然而就在两年后,英国人开始改变主意了。他们的帝国正在解体,他们的经济也很虚弱。与其他大多数西欧国家不同的是,英国仍然处在战时紧缩状态的恢复过程之中,它的基本食物配给一直持续到1954年。此外,英国与美国的“特殊关系”也不是它们在战时和战后寻求的那种紧密结合的平等伙伴关系。从一开始,美国就明确表示它在合作中的主导地位。1956年的苏伊士运河危机就是一个例子,当时艾森豪威尔总统利用经济压力迫使英国停止发动英法和以色列联合对埃及进行不明智的军事入侵行动。
1961年,英国人被欧洲经济共同体自由贸易政策的成功所吸引,申请加入该组织。英国内阁委员会在一年前曾发出过警告:“如果我们试图继续保持冷漠,请记住与我们海外资产萎缩同时发生的是:我们将面临失去政治影响力的风险,并将无法真正行使一个世界强国的任何权力。”
然而,当英国人虽然不情愿,但准备好了要加入欧洲经济共同体的时候,他们却遭到了他们曾经的盟友、战时最大的“包袱”——戴高乐的阻挠。战争结束后,戴高乐曾领导过法国的临时政府,由于他与其他政治领袖存在着尖锐的分歧而于1946年初辞职。1958年,他重新当选为法国总统,仍然没有忘记曾在丘吉尔和罗斯福那里遭受过的屈辱。当英国申请加入欧洲经济共同体时,戴高乐重提了丘吉尔当年说过的英国人总是选择美国而不是欧洲的老话,非常得意地否决了英国的申请。
在戴高乐治理法国的11年里,英国加入欧洲经济共同体的大门始终被关闭着。当它最终在1973年成为成员时,欧洲经济共同体在农业和其他多个重大领域中的有关规定都被英国人视为是损害其利益的规定。英国广播公司(BBC)播音员杰瑞米·帕克斯曼(JeremyPaxman)写道:“英国过度依赖美国的代价就是使这个国家加深了与欧洲共同体的隔阂。从那以后,它就一直没能赶上。到了90年代……它还是在风中被吹来吹去。”1992年的《马斯特里赫特条约》给了欧洲经济共同体一个新的名字——欧洲联盟,欧洲联盟那时有12名成员。虽然英国仍然是扩大了的俱乐部的一员,但是许多英国公民仍像他们的前辈一样对“欧盟”持有怀疑的态度。
当1939年第二次世界大战爆发时,英国外交大臣哈利法克斯勋爵曾说过他的国家正“处在这个疯狂的大陆的边缘”。2016年6月,大多数英国人显然还完全同意这一评估,投票离开了“欧盟”。
当然“欧盟”本身也为英国和其他地区的批评者的“敌意”提供了理由。“欧盟”的权力和规则在不断地增强,欧元和其他经济事务发生了多次危机,在应对大规模的移民时其措施相形见绌,成员国之间激烈争吵,这些都引起了人们的极大关注。
但是,对“欧盟”的抵触并不能否认这样一个事实:欧洲一体化运动的成就曾经是、至今仍然是非同寻常的,这在战后的前40年中尤为突出。正如英国记者兼历史学家尼尔·阿舍森(NealAs)所指出的,在那段时间里,西欧的“繁荣、安全、保障和社会平等都增加了”。《国际先驱论坛报》指出:“以消除关税壁垒和自由商业交流为开端的欧洲‘一体化运动’,最终消除了欧洲国家之间爆发战争的可能,并使欧洲大陆取得了难以想象的繁荣。

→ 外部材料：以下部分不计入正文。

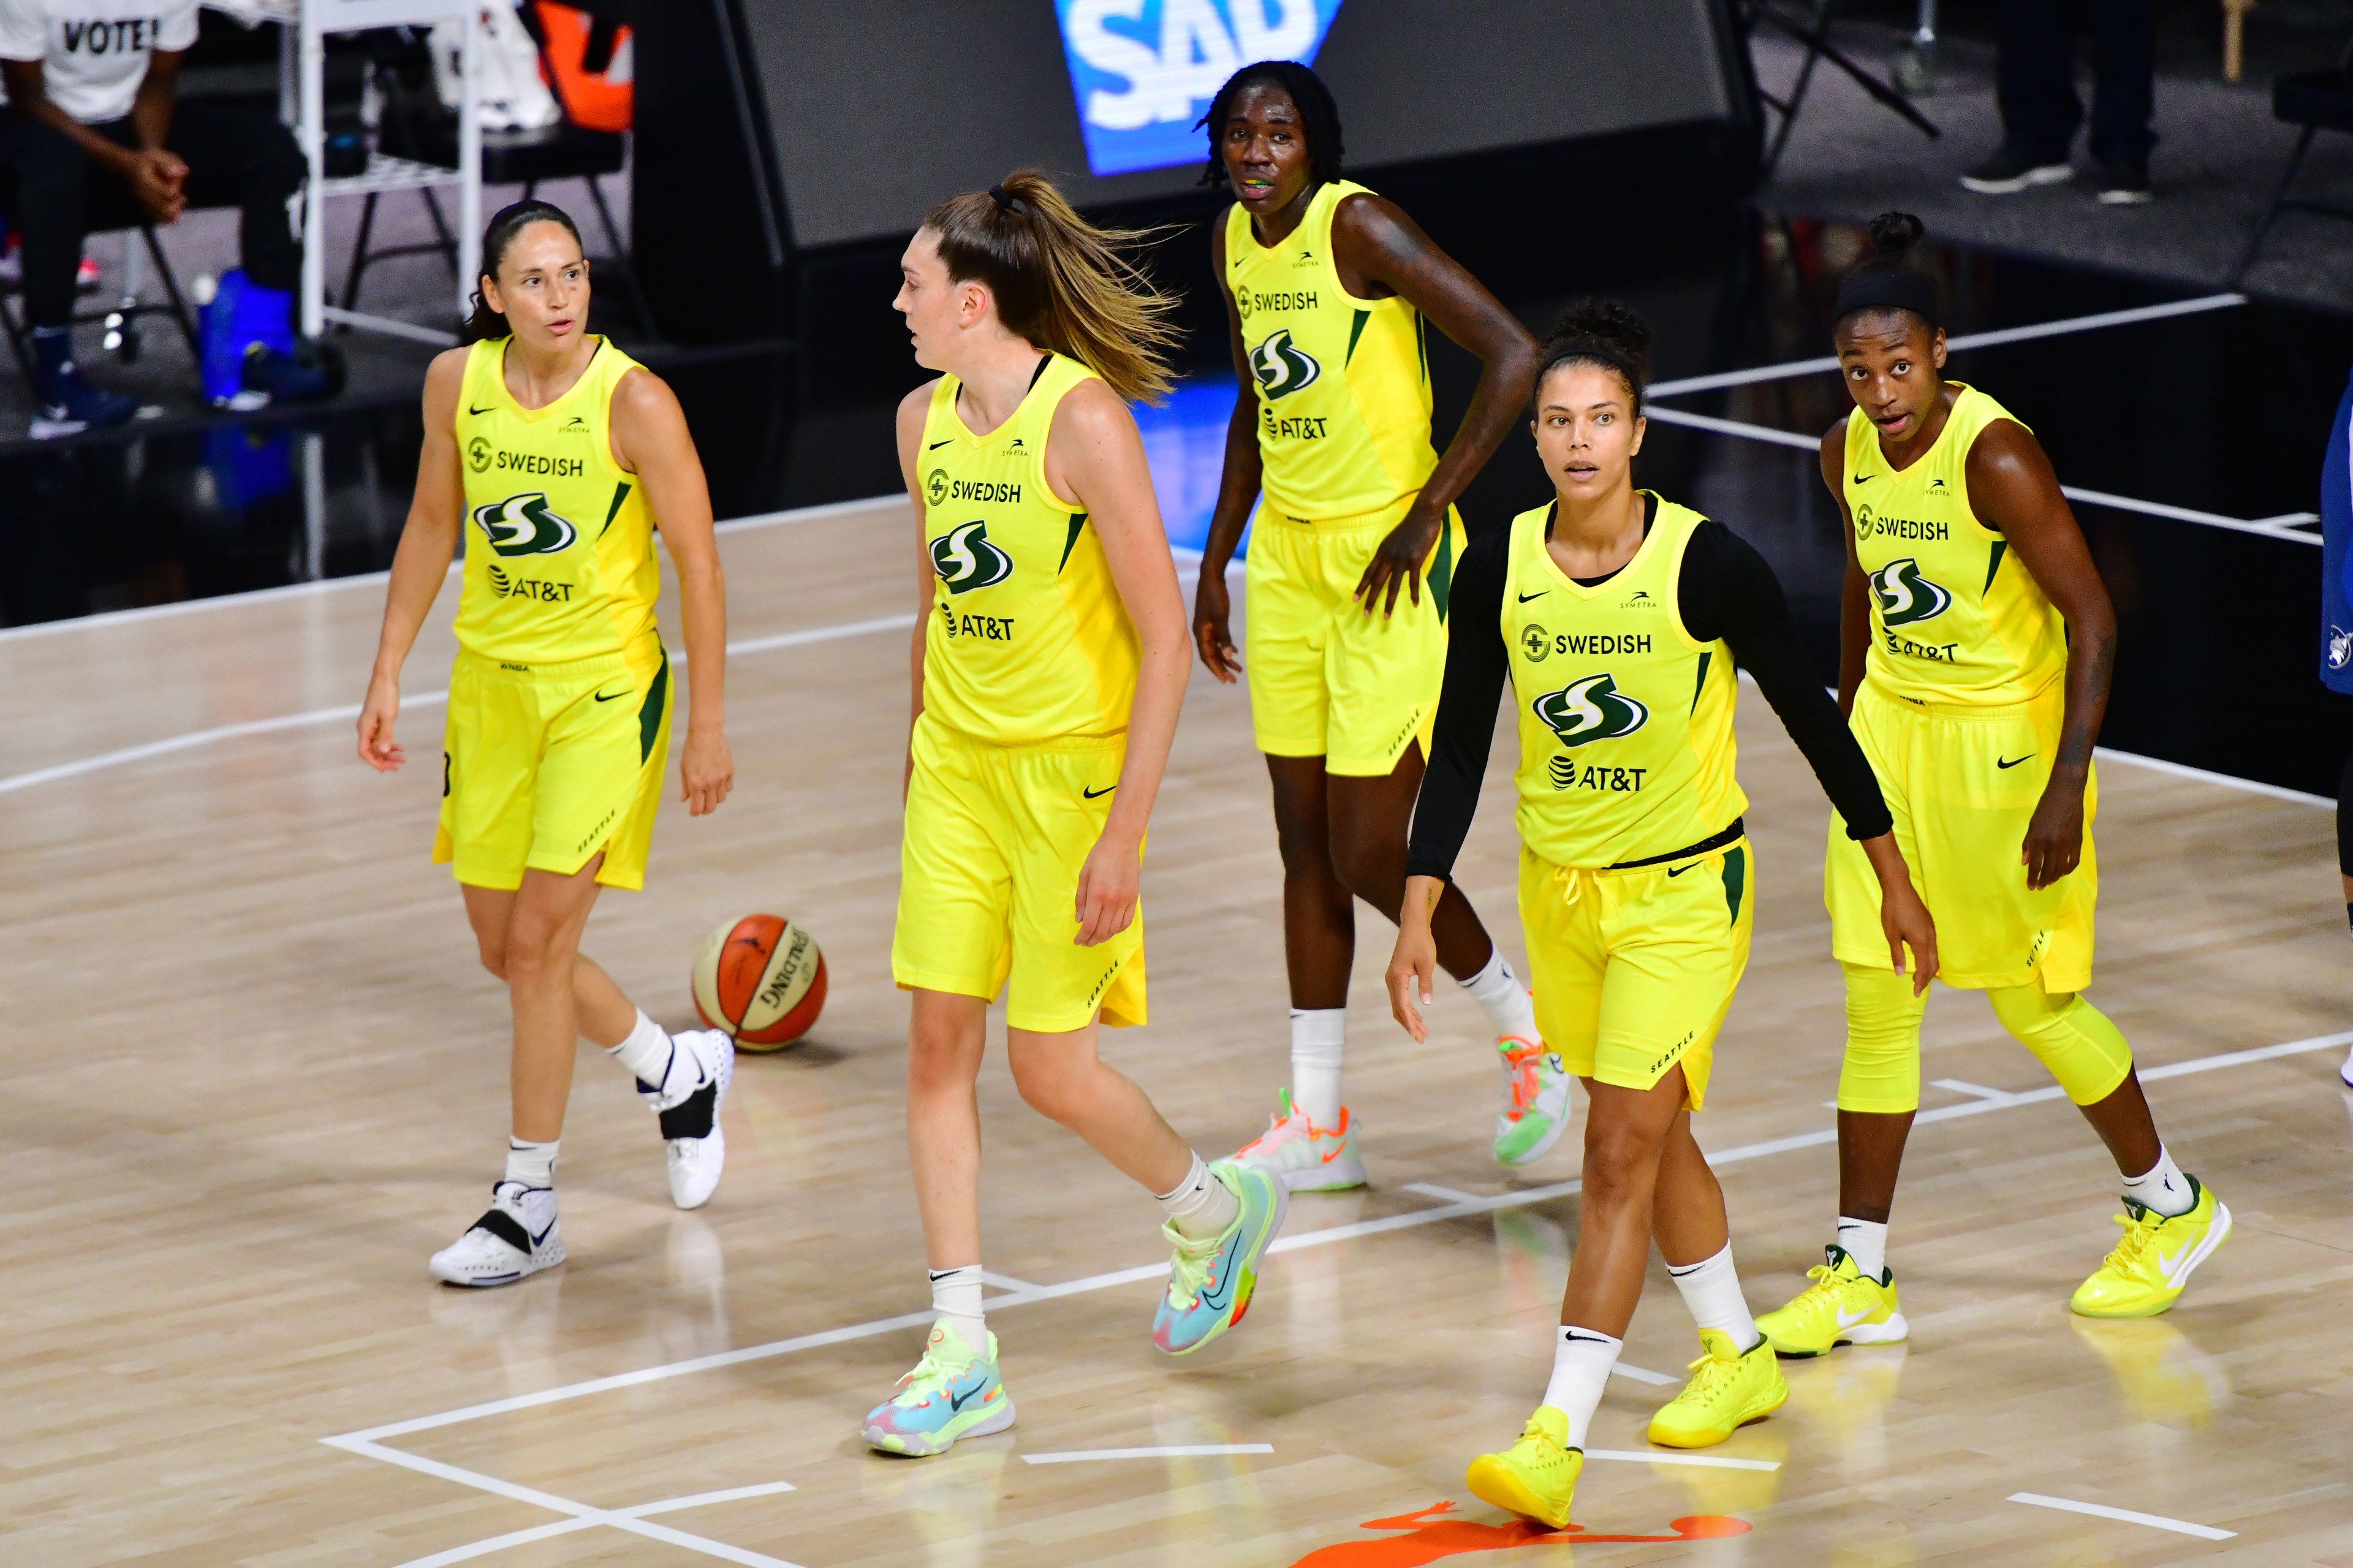 Sue Bird #10, Breanna Stewart #30, Natasha Howard #6, Alysha Clark #32, and Jewell Loyd #24 of the Seattle Storm walk across the court after a foul during the first half of Game One of their Third Round playoff against the Minnesota Lynx at Feld Entertainment Center on September 22, 2020 in Palmetto, Florida.

”欧洲的“一体化运动”最终也迎来了“二战”后加入苏联“阵营”的两个战时盟友——波兰和捷克两国随着“苏联解体”而回到了西方的“怀抱”。1997年7月9日,在共产党人“丢失”政权八年后,波兰和捷克共和国(1993年1月1日,捷克斯洛伐克被划分为两个独立的国家:捷克和斯洛伐克。——作者注)加入了“北约”组织。2004年,斯洛伐克也成为“北约”成员。同年,这三个国家都加入了“欧盟”。
就在波兰进入“北约”后的第二天,克林顿总统在华沙的斯塔尔城市中心对成千上万欢天喜地的波兰人说:“你们的命运再也不会由别人决定了。你们生来就有的自由的权利再也不会被剥夺了。”在对克林顿的讲话欢呼的人群中,就有波兰外长布罗尼斯瓦夫·盖雷梅克(Brons?awGeremek)。他的犹太父亲是在奥斯威辛集中营中死去的。盖雷梅克后来回忆说,那个时刻“对于这个国家来说是令人难忘的一刻。在那一天,曾经被历史的风暴多次席卷而去的国家的独立终于获得了一个强大联盟的安全保障。波兰在那一天再次与它的传统盟友站到了一起”。
抛开战后英国和欧洲大陆之间跌宕起伏的关系不说,对英国与被占领欧洲各国战时关系的回忆仍然在继续发光。对于曾在伦敦一起工作过的英国人和欧洲人来说,那段时间留下来的遗产是深刻而且持久的。荷兰前国防部长弗里茨·博克斯坦(FritsBolkestein)表示:“在第二次世界大战期间,英荷之间的友谊纽带拉得那样紧,它对战后的关系产生了持久的影响。我们荷兰人永远不应忘记在那个艰难的日子里英国对我们意味着什么。”
尽管戴高乐和英国政府冷冰冰的官方关系从来没有解冻过,但他也有着同样的感受。当1945年温斯顿·丘吉尔大选失败后,戴高乐曾写道:“一个基本并且不可否认的事实是:如果没有他,我的事业从一开始就将是徒劳无功的。”当丘吉尔于1965年去世时,戴高乐在伦敦国家葬礼的哀悼人群中非常显眼。和法国总统在一起的还有来自整个欧洲的几百名前抵抗战士。
能与欧洲人对丘吉尔的赞赏相媲美的只有他们对英国广播公司(BBC)的热爱。正如汤姆·希克曼所说的那样,那是“完全的崇拜”。当战后的欧洲恢复了邮政业务以后,一波感谢信件的浪潮就涌向了布什大厦,仅仅在第一个月就收到了4000多封来自法国的信件。很久以后,艾伦·布洛克还记得:“去欧洲似乎有些难为情,因为人们还在那里谈论BBC。”
在战后,欧洲的许多国营广播电台都采用了BBC的模式,其中也包括法国的法兰西广播电台。在1944年10月的首次广播中,法兰西广播电台宣称:“在漫长且黑暗的四年里,英国广播公司是黑暗中的火炬,是解放诺言的体现。当世界正在承受痛苦之时,BBC却送来了生命的音乐。当世界被淹没在谎言之中时,BBC却宣告了事实真相。我们将在这里继续这种坚持真理和荣誉的传统。”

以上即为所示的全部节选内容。